1. Job identifier: Job identifier can be generated automatically or customized by the submitter. It is confidential to other users and can be used for job status monitoring and result retrieval.(See Results page).It is required.
2. Input textarea: The user can directly copy immunopeptidomic cohorts sample data in the input box.
3. Upload sample(s): The user can also upload immunopeptidomic cohorts sample to the server.
   
4. Sample info: The user needs to provide identification information for each sample.
5. HLA alleles: The ImmuneApp 1.0 server predicts peptides binding to more than 10,000 human MHC molecule.
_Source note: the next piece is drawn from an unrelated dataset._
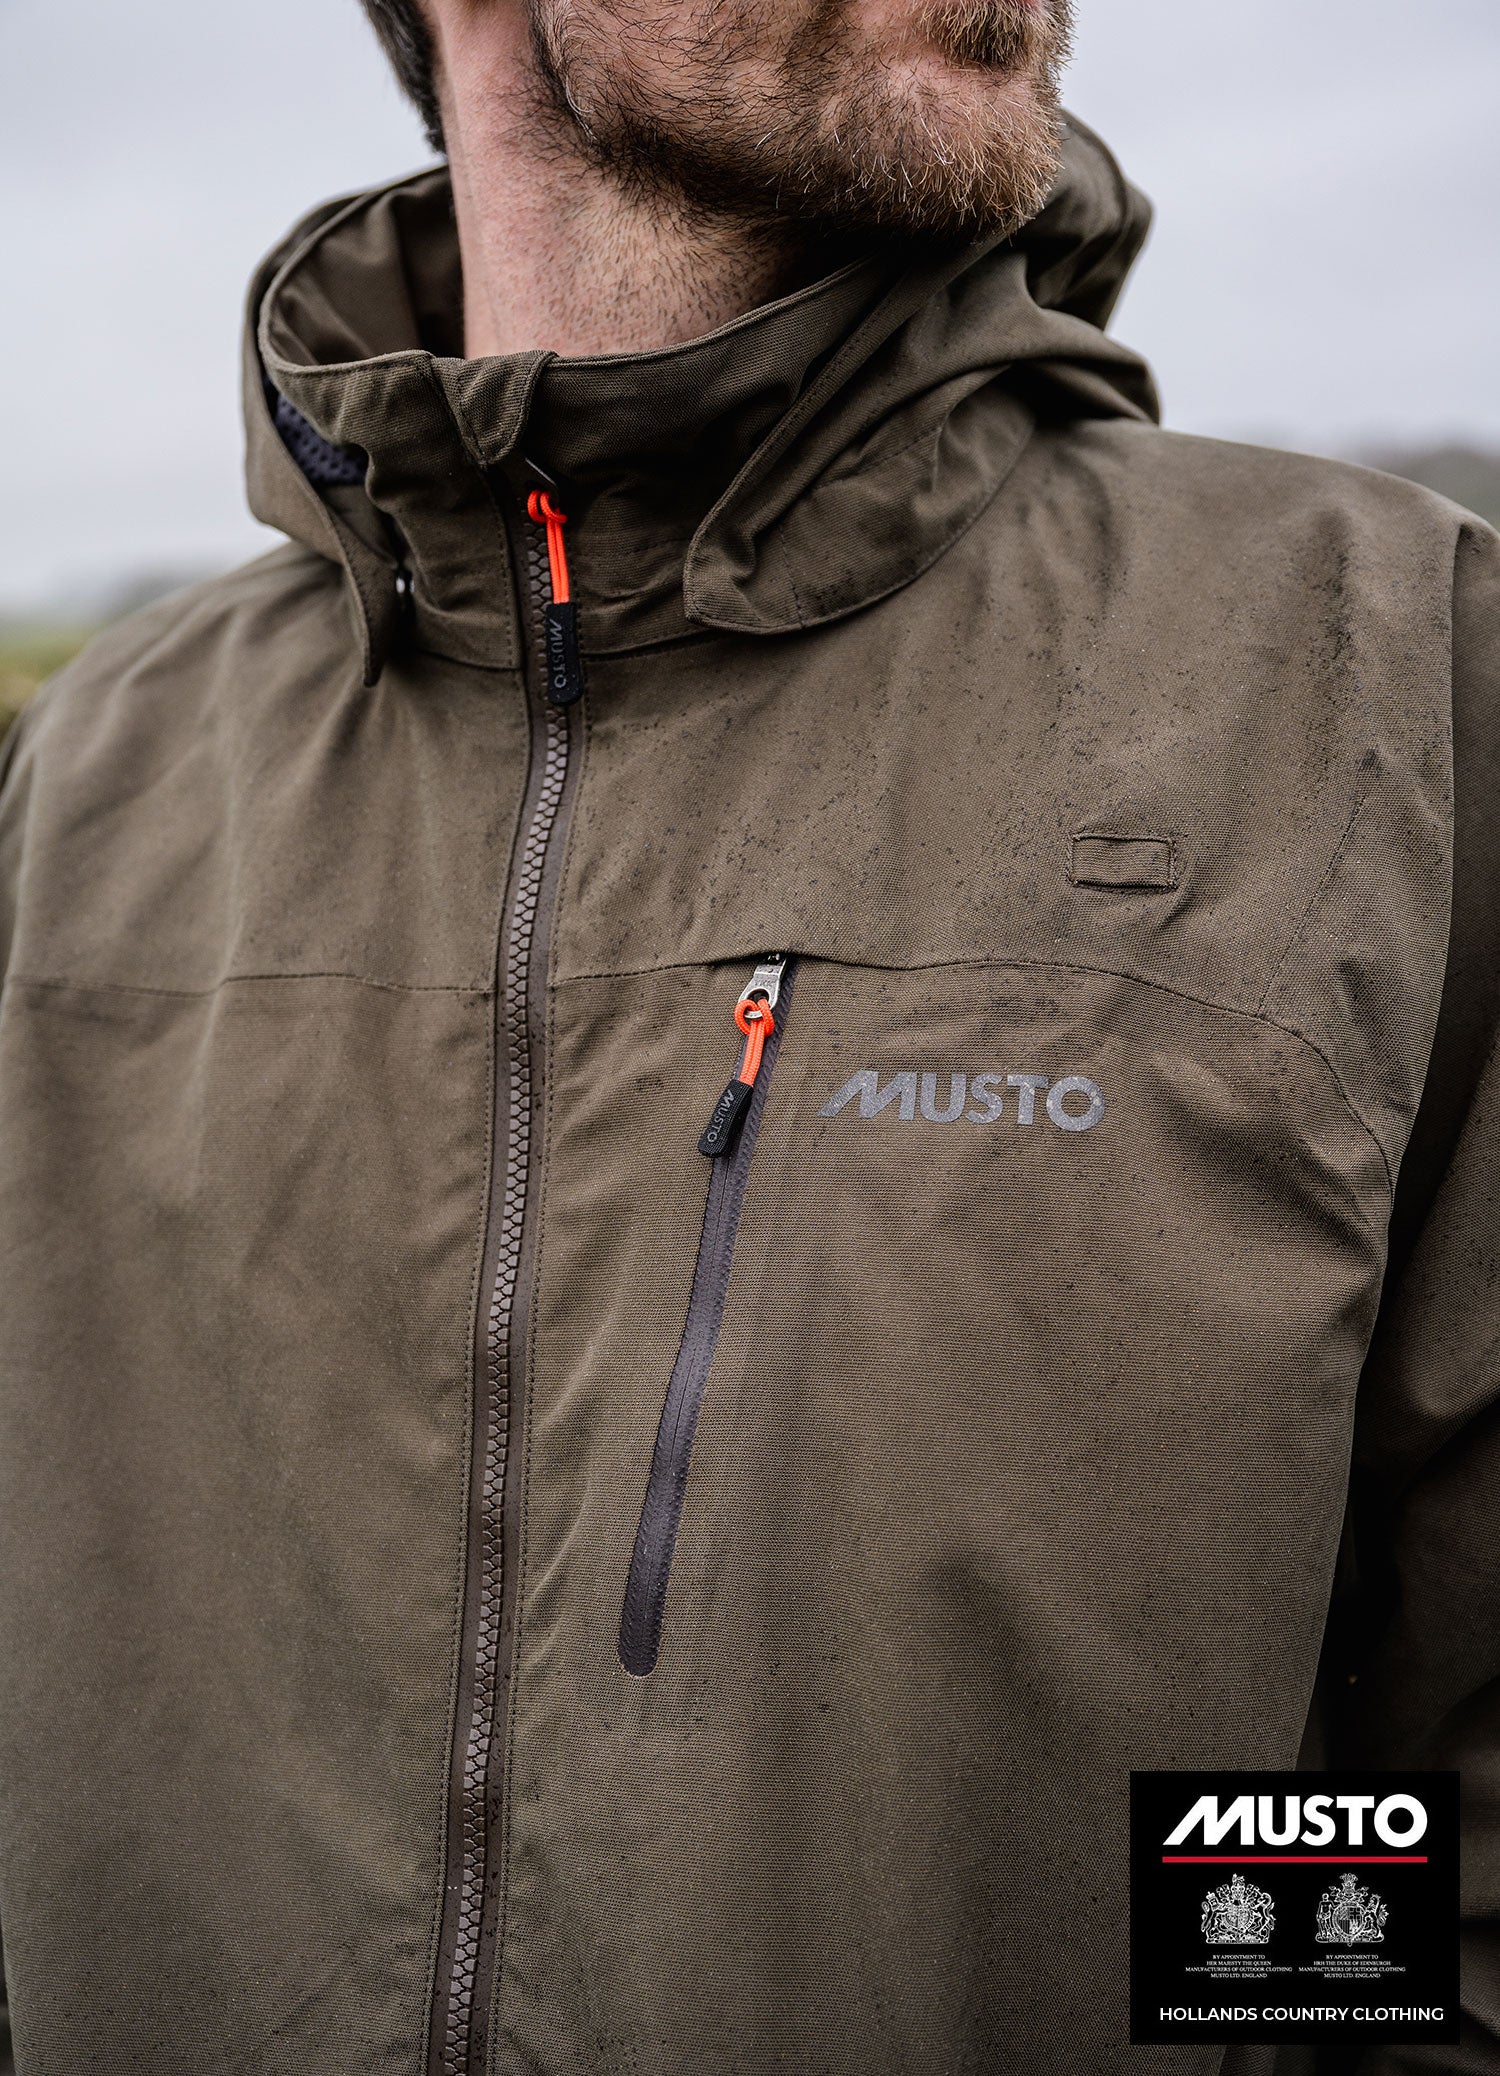 HTX Keepers Shooting Jacket by Musto

We constructed a classification tree of HLA. Users can quickly retrieve and submit candidate HLA alleles through the search box and tree map. Each submitted task is allowed to select up to 6 HLA alleles.
6. Operation buttons: Upload immunopeptidomic cohorts sample to the server by this button
7. loaded data: A list of immunopeptidomic cohorts uploaded by users for analysis.
8. Operation buttons: Submit, reset the submission form, or access the example dataset.